EXERCISE AIM: Starting at the line that contains "02536 Turkey /", write out each line exactly through the last one in the material below, and nothing more; omit all pictures.

SOURCE DATA:
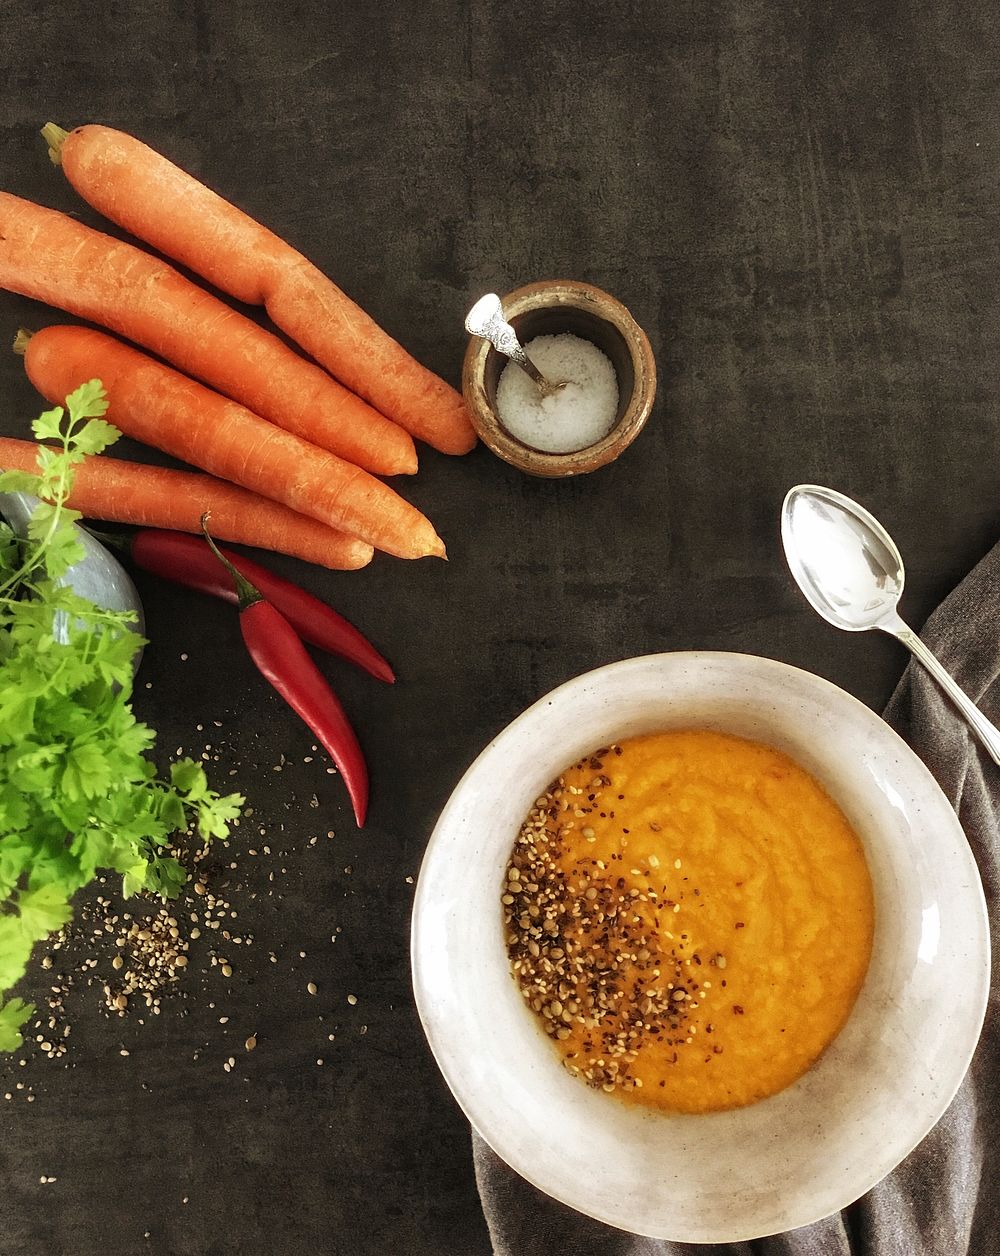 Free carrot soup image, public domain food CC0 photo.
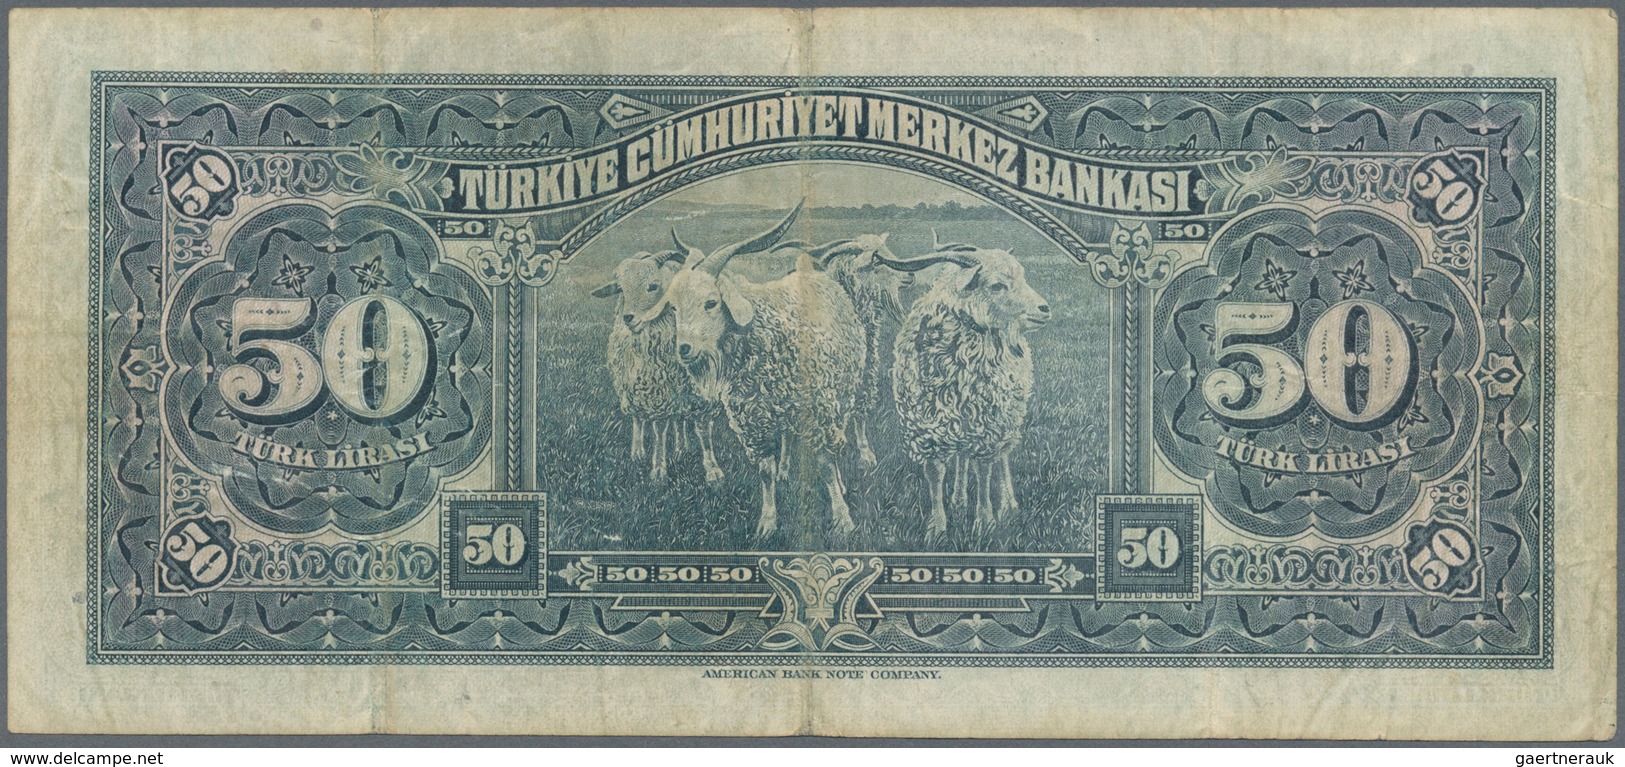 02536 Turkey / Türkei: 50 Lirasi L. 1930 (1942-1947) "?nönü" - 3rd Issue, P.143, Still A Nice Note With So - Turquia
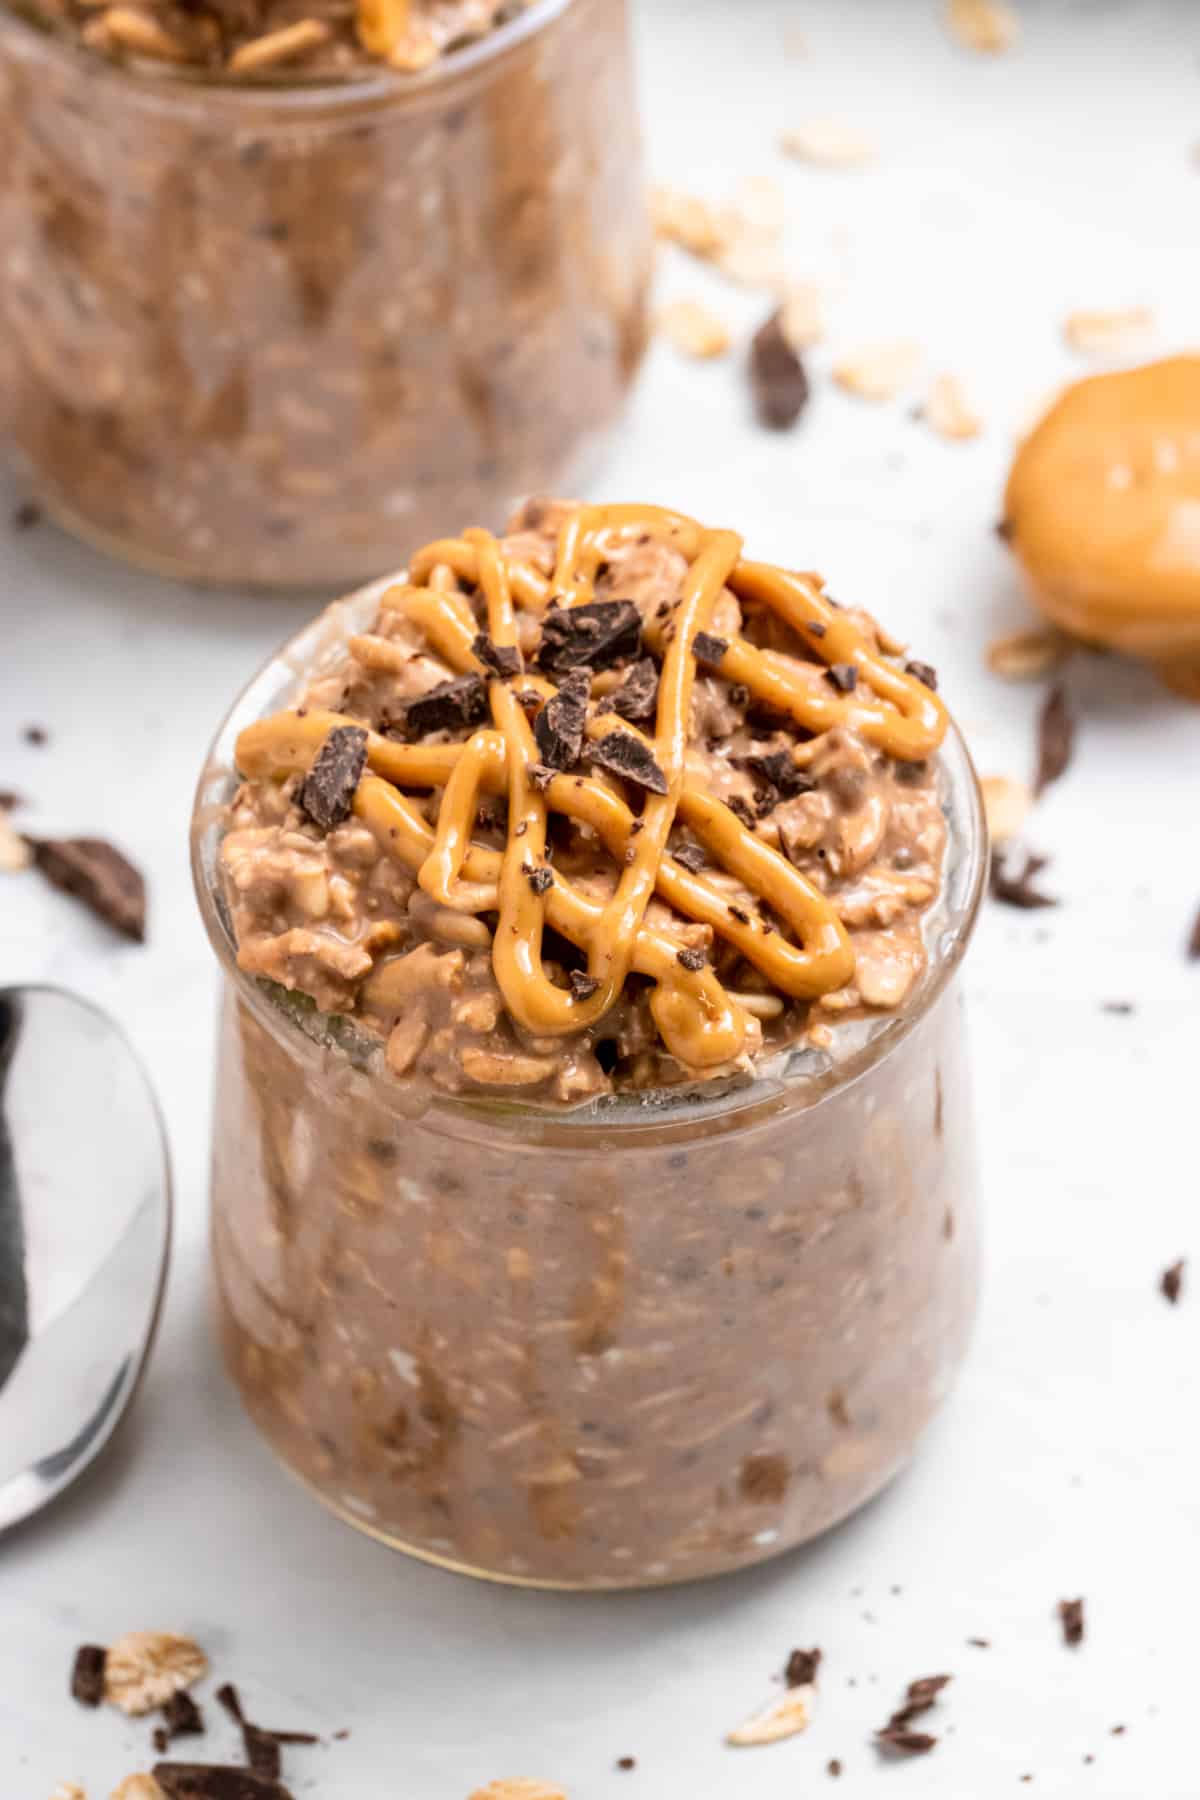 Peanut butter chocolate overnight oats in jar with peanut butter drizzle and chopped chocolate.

ANSWER SECTION:
 02536 Turkey / Türkei: 50 Lirasi L. 1930 (1942-1947) "?nönü" - 3rd Issue, P.143, Still A Nice Note With So - Turquia
 Peanut butter chocolate overnight oats in jar with peanut butter drizzle and chopped chocolate.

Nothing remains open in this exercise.